* DATA *
_ _ _ _
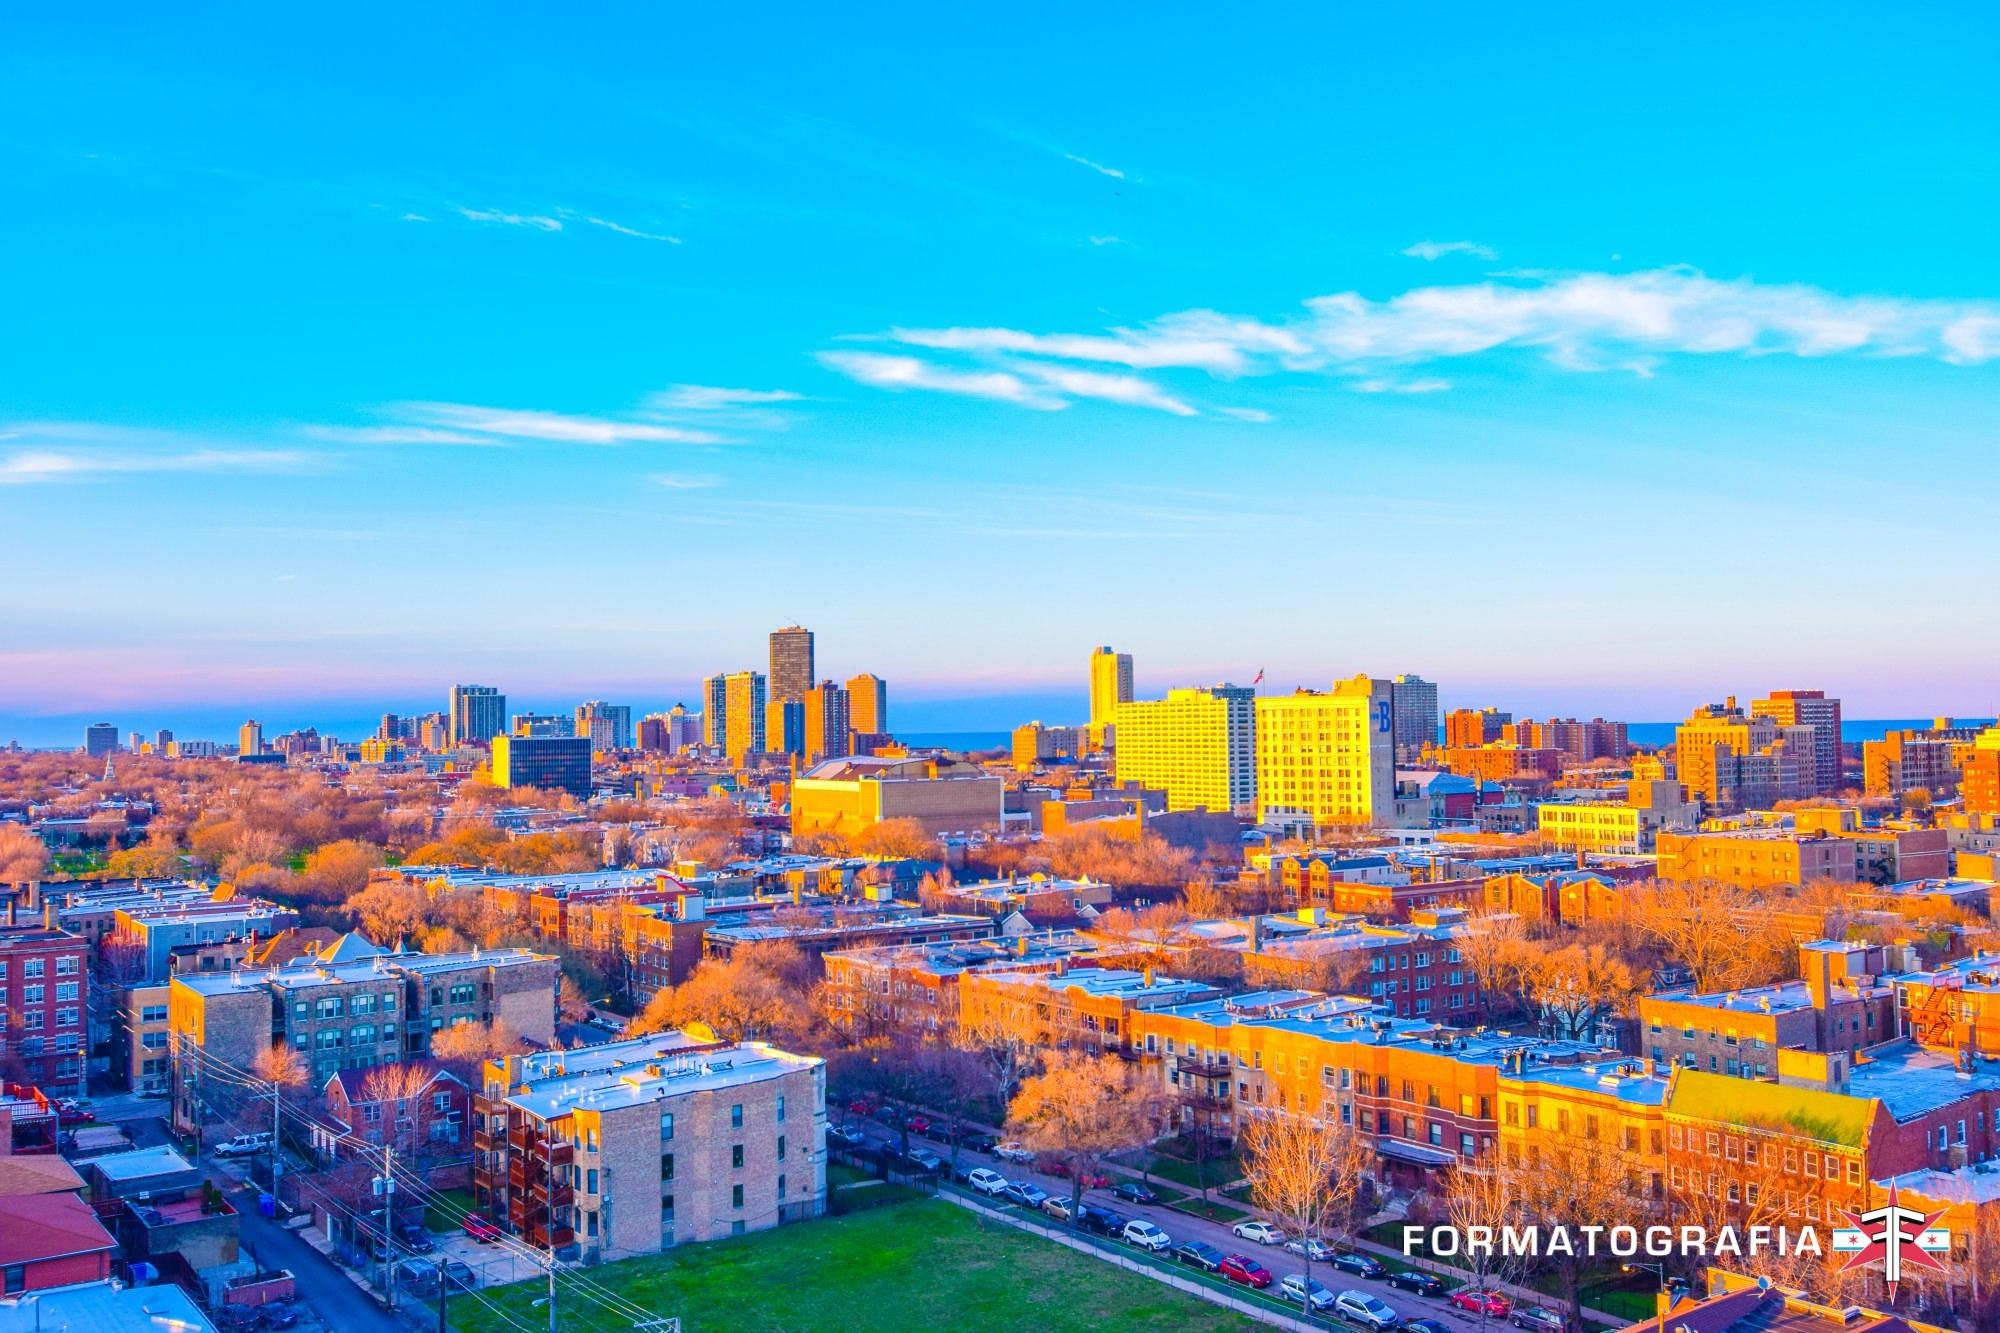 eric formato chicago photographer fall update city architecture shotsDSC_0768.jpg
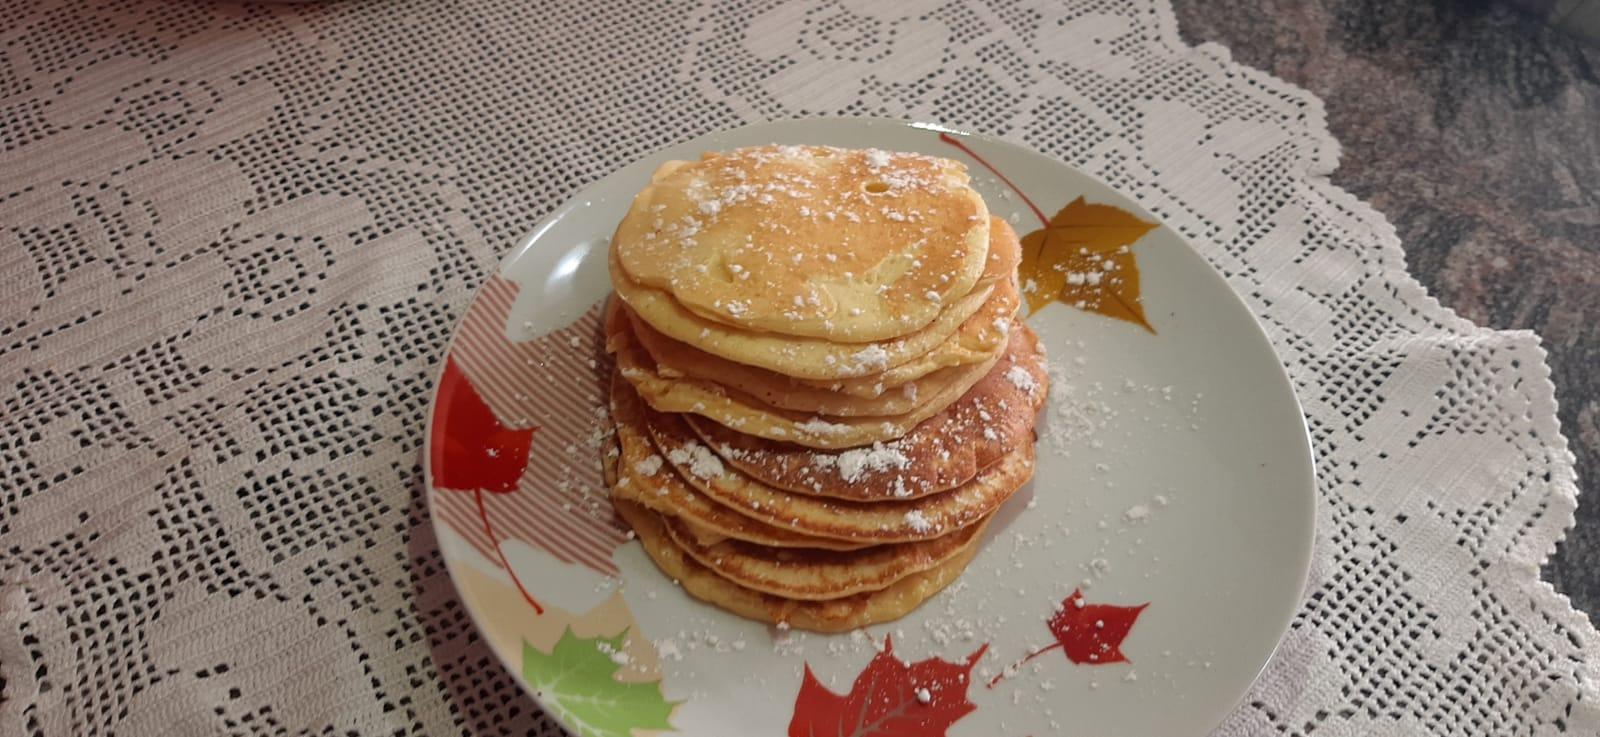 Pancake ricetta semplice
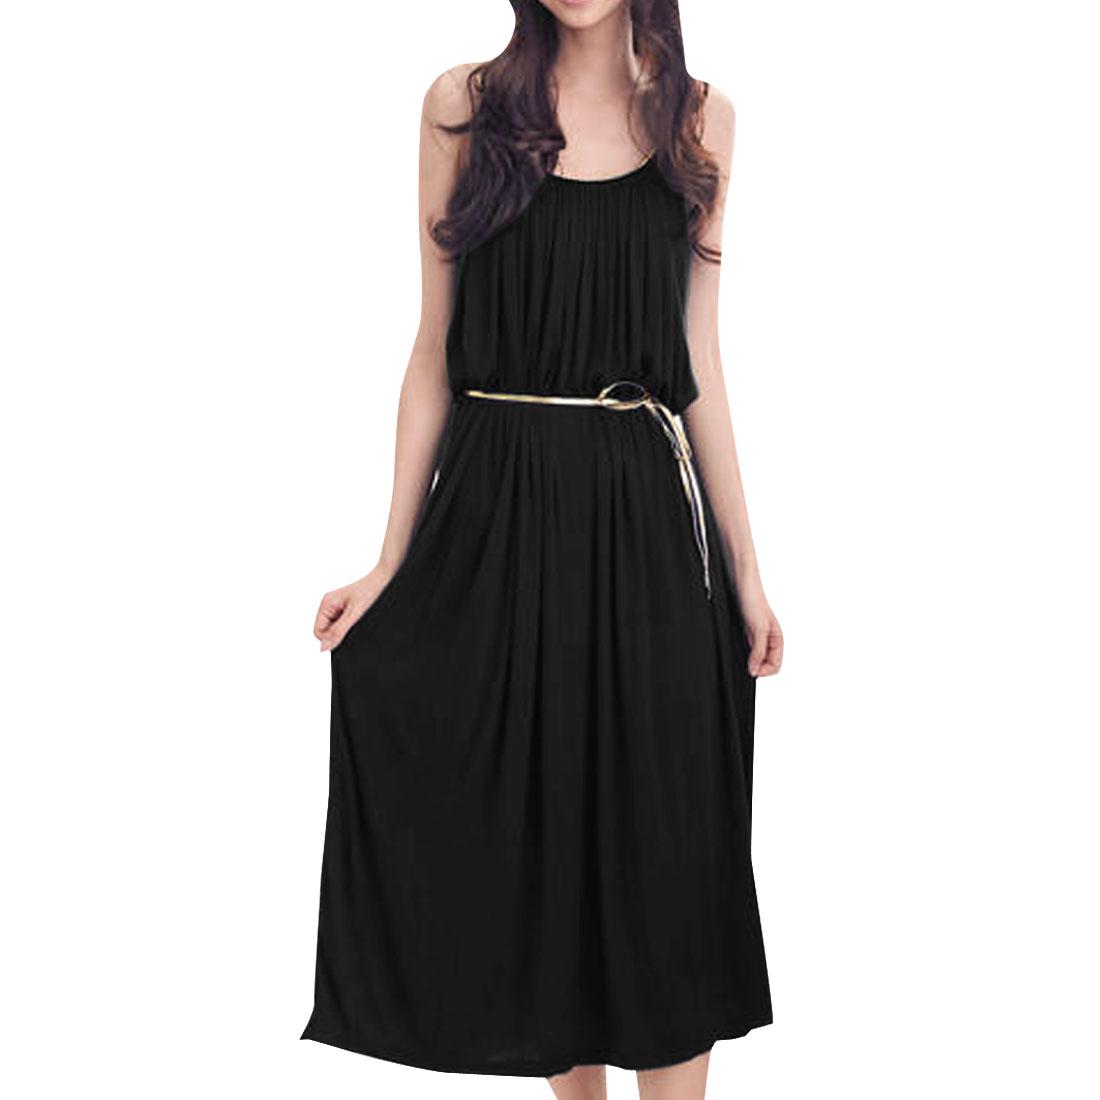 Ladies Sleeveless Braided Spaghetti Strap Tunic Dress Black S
_ _ _ _
Would you retype exactly the lines running from the line that contains "Pancake ricetta semplice" through the end of the listing above, both included? Skip every picture.

* TASK RESULT *
 Pancake ricetta semplice
 Ladies Sleeveless Braided Spaghetti Strap Tunic Dress Black S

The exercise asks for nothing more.